A Bogota, le Bureau de consultants pour les Droits Humains et le Déplacement (Codhes) a informé que les déplacés yreprésentent 1.667 familles des villages de El Charco, La Tola, Samaniego, Guachavés, Policarpa et Cumbitara.
Le risque de se voir conicé "au milieu de feux croisés" et la crainte de représailles de la part des groupes illégaux sont la cause de ces déplacements massifs dans la région, déclare Codhes, en attirant l'attention sur la recrudescence du conflit dans cette région de la frontière sud avec Équateur.

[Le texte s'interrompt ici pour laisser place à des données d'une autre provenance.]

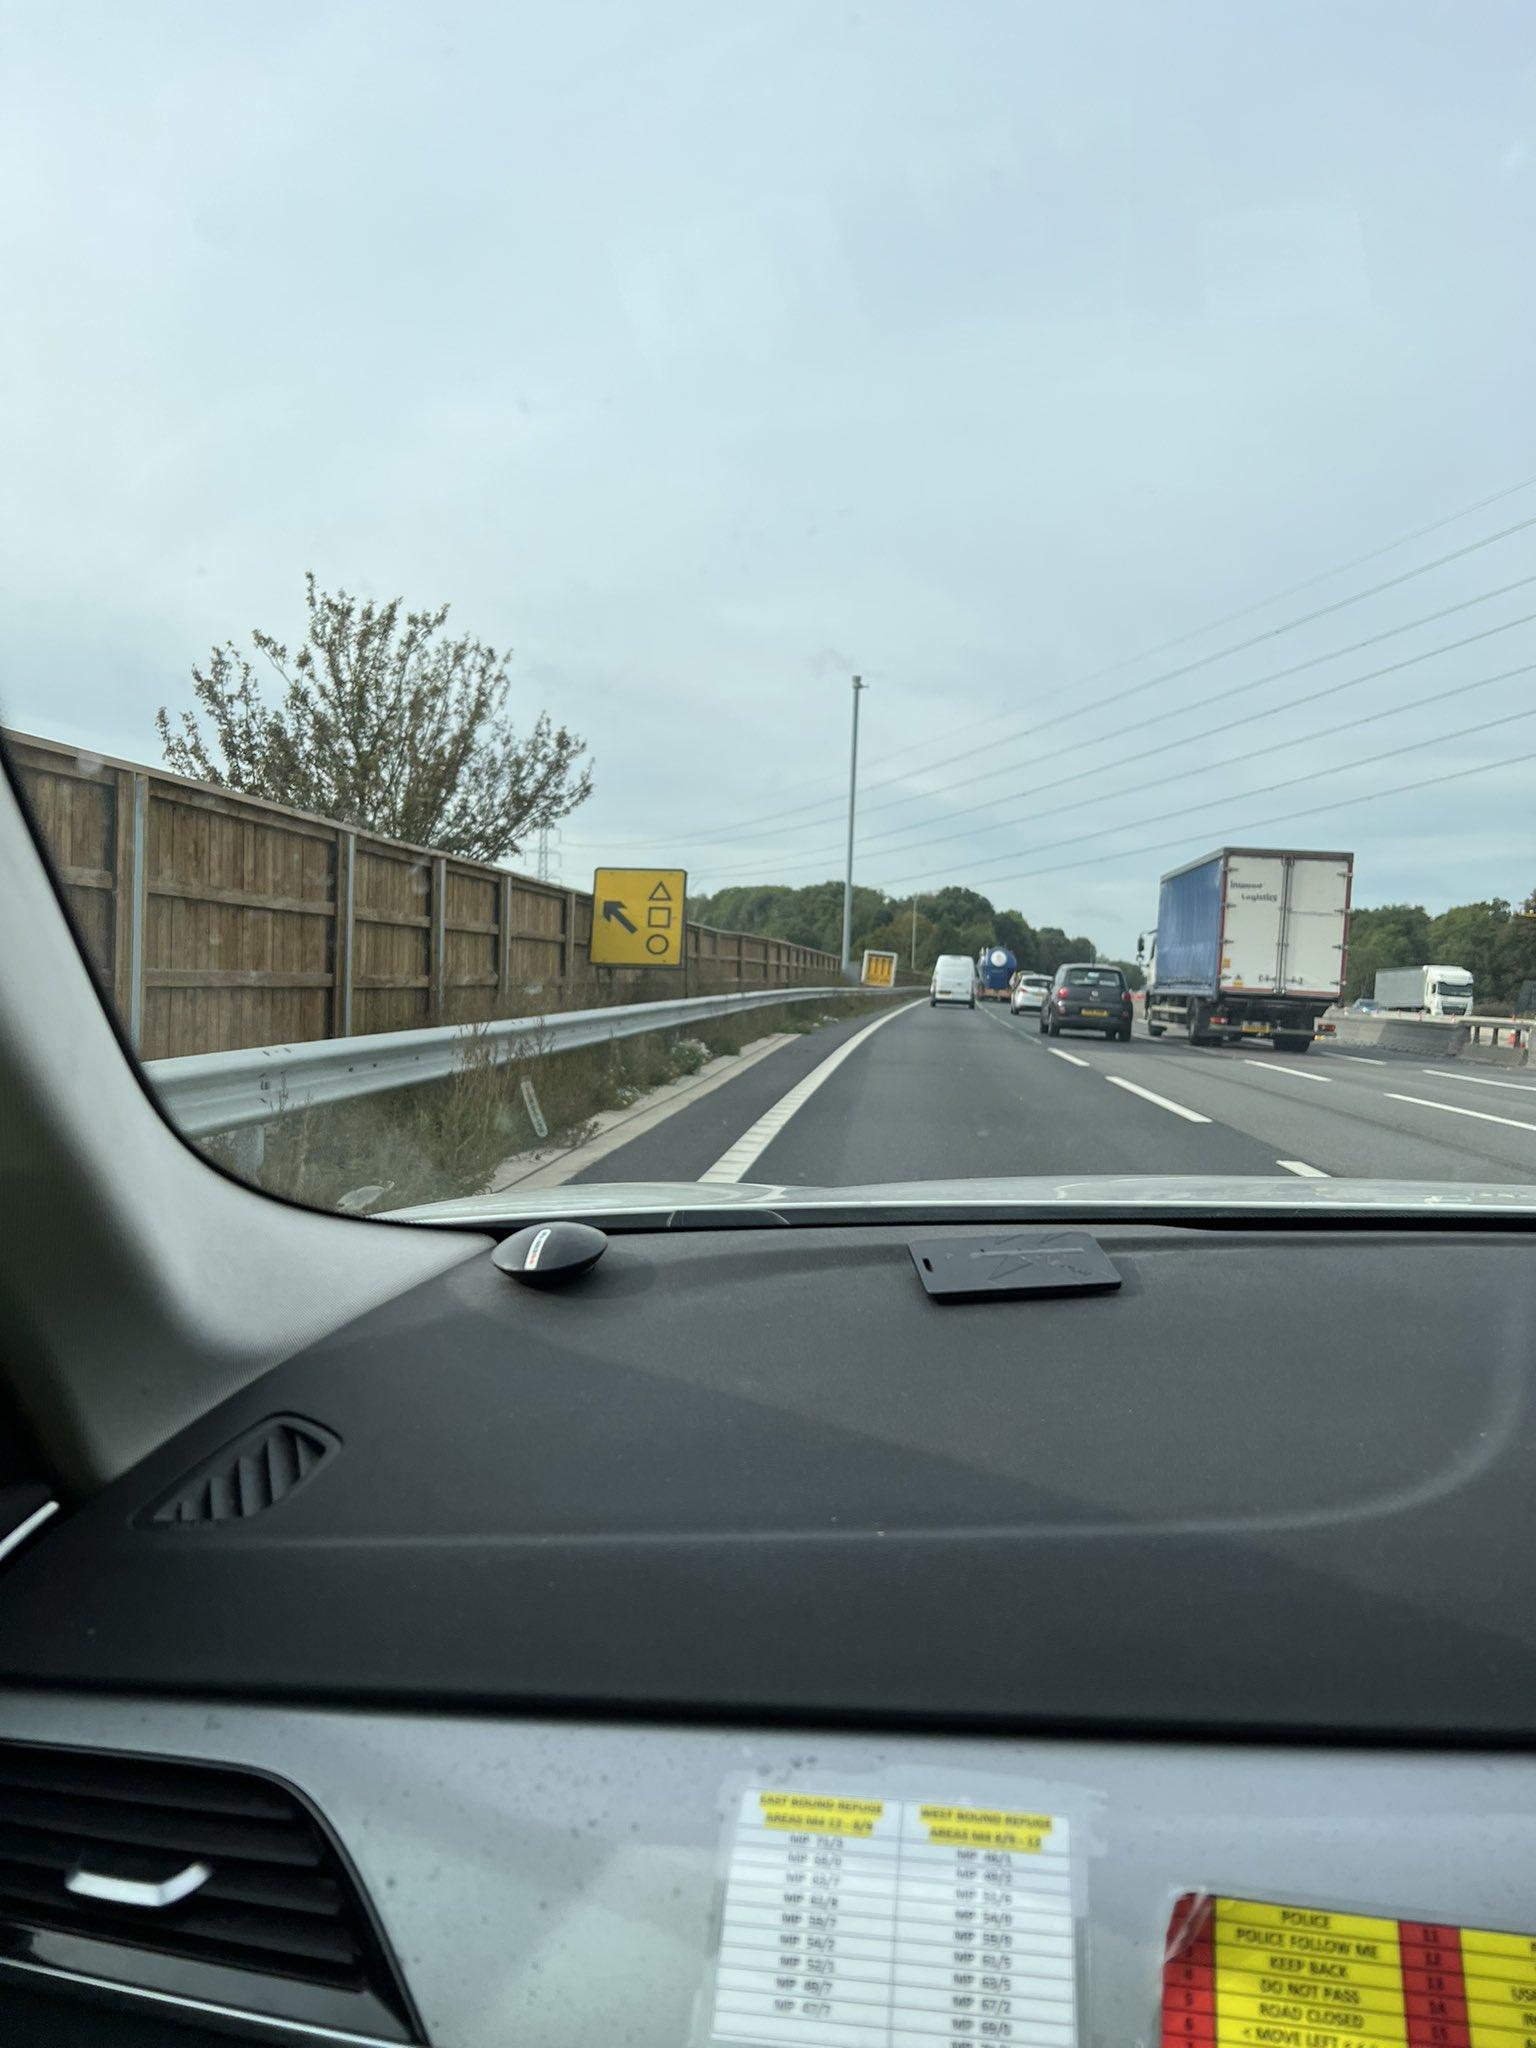 La policía emite una declaración sobre el letrero de la autopista 'Squid Game' de Netflix que causa alarma

L'organisation non gouvernementale (ONG) a expliqué que dans ces six localités, des combats ont opposé les Forces Militaires avec les Forces Armées Révolutionnaires de Colombie (FARC) et l'Armée de Libération Nationale (ELN), les deux plus importantes guérillas du pays.
De même, on a enregistré des confrontations entre ces deux guérillas, tout comme des accrochages entre elles et les "groupes émergents" Águilas Negras, Los Rastrojos ainsi que l'organisation Nueva Generación, des nouveaux groupes paramilitaires.
La situation la plus critique se présente dans les montagnes de El Charco, touchée depuis une semaine et demie par des combats entre l'armée et le front 29 des FARC.
Les autorités locales ont déclaré lundi que quelque 4.876 paysans avaient dû abandonner leurs terres à la suite de ces confrontations.